After Clara’s death, other parents had their children tested at a Houston lab. Their hair follicles tested positive for diphenhydramine but the results of those tests were ruled inadmissible for this trial because the lab has since been decertified and its owner discredited for unrelated reasons after an investigation by the Texas Forensic Sciences Commission.
Avants told the jury that Fraser conspired with her daughter to hide evidence of the medicine at the day care before state licensing investigators arrived, saying she must be held accountable.
“You don’t get a pass when a child dies, and one is too many,” she said.
Defense attorney Lettie Martinez said in jury summations that the state cooked up quite a story in an effort to make Fraser appear to be a monster.
“You can’t have it both ways,” she said. “You can’t get up here and say she is this evil baby-drugger and then say maybe she was just reckless.”
Martinez asked the jury how it was that none of Fraser’s employees over the years noticed anything strange about how Fraser operated the day care or saw evidence she was drugging babies.
She reminded jurors about the testimony of a longtime Fort Worth pediatrician, who testified for the defense that giving diphenhydramine to an infant is not an act clearly danger to human life and that while Clara had a toxic amount in her system, it was less than a lethal amount. He testified she likely died from Sudden Infant Death Syndrome.

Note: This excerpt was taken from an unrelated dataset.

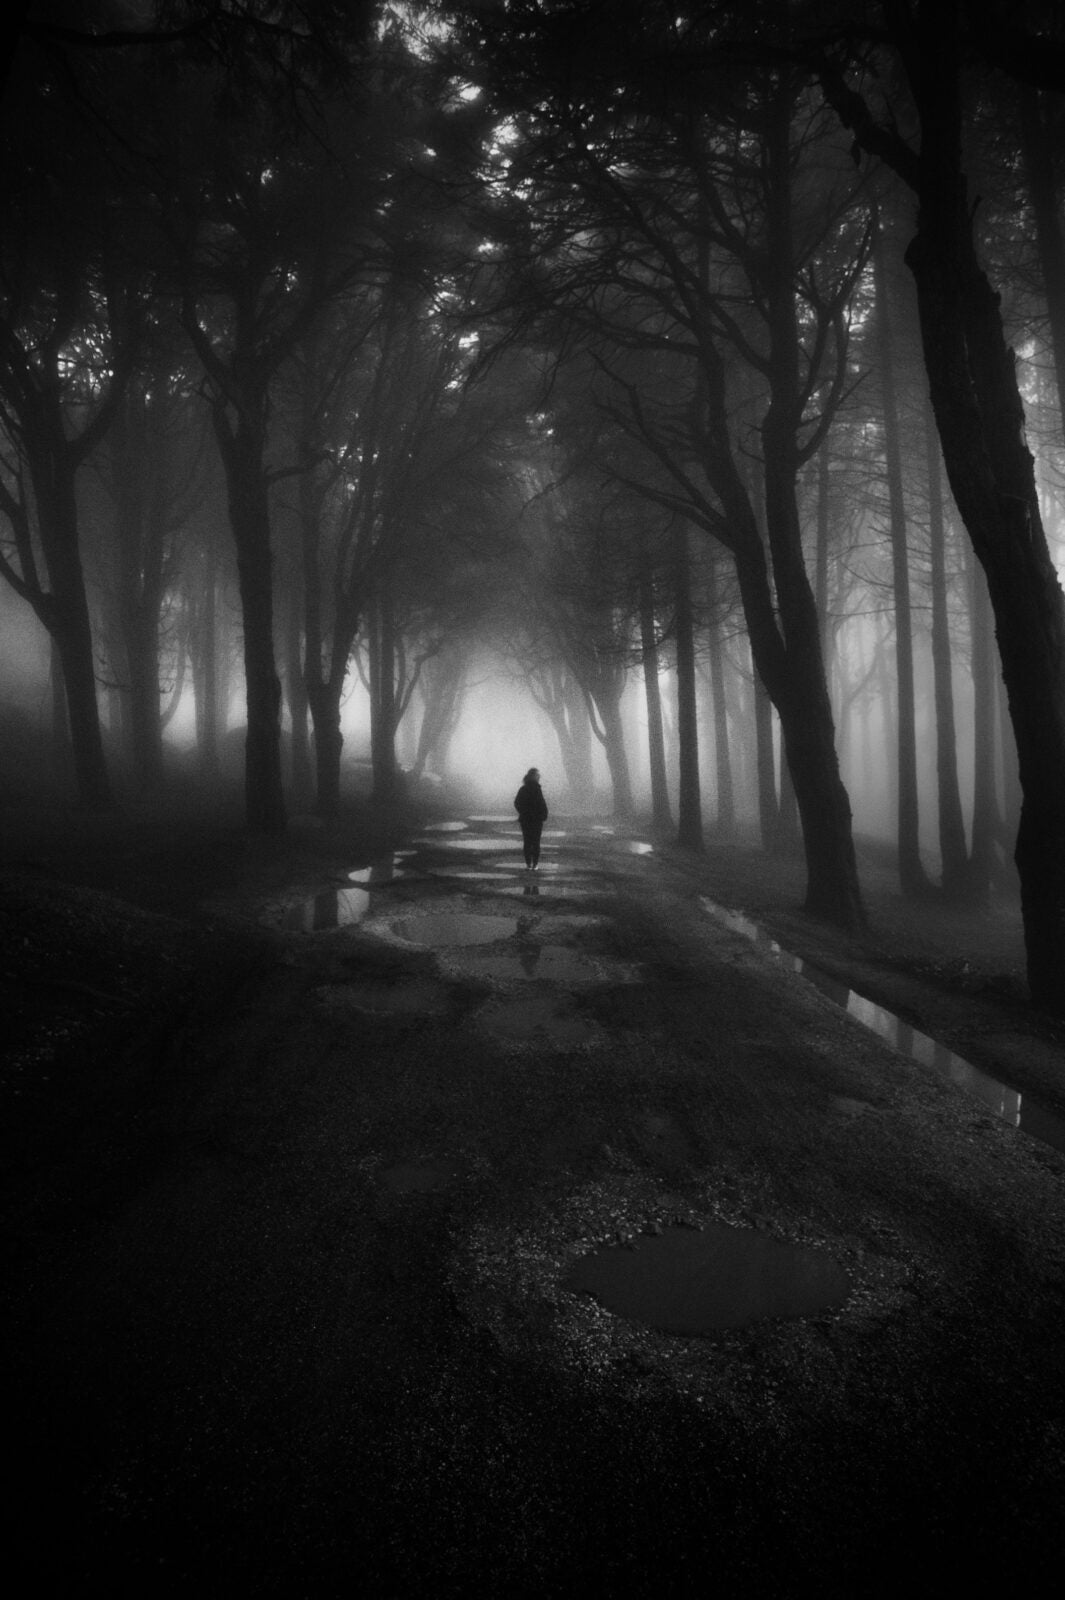 A lone figure walking on a pathway surrounded by tall trees in black and white.

Martinez bristled at Avant’s characterization of Fraser as lazy.
“If you think taking care of babies is being lazy, you haven’t lived long enough,” she said, adding that Fraser loved those children as her own and had taken care of countless kids in the 24 years she owned Spoiled Rotten.
She said after Clara’s death, the parents who once loved Fraser turned on her and started questioning every little symptom their children experienced.
Jack, noting a large photo of Clara prominently displayed in the courtroom, asked jurors in her closing not to let emotions surrounding the child’s death cause them to fill in the gaps missing from the state’s case. She said Fraser lost the presumption of innocence on the day the autopsy report came back, making Fraser an easy target.
Jack suggested if Fraser was as prolific at drugging children as the state alleged, there would have been other deaths “by the legion.” She asked jurors why Fraser would drug the children of working privileged families such as attorneys, prosecutors, pharmacists, bankers and a county judge.
“It’ s just not one question we don’t know the answer to, it’s a myriad of questions,” Jack said. “You deserve to have those answers. Those unanswered questions amount to reasonable doubt.”
Hix quoted William Ross Wallace to open his jury summation, saying “the hand that rocks the cradle is the hand that rules the world.” He said parents trusted Fraser with their most precious loved ones and she betrayed that trust and manipulated the young parents.
Hix said, breaking the case down to its simplest terms, that Fraser was the only one who could have given the child the toxic dose because Clara’s family did not and neither did Fraser’s employee,Sherri Adams.
“We are not asking this jury to look at this evidence in isolation,” Hix said. “Marian is the one who made the bottles. She was in charge of the day care, and the day care is where that baby died. Marian is the one asking people to lie for her.”
On Friday, Hix and Avants wore gold angel’s wings on their coat lapels that a Felton family member gave them in memory of Clara.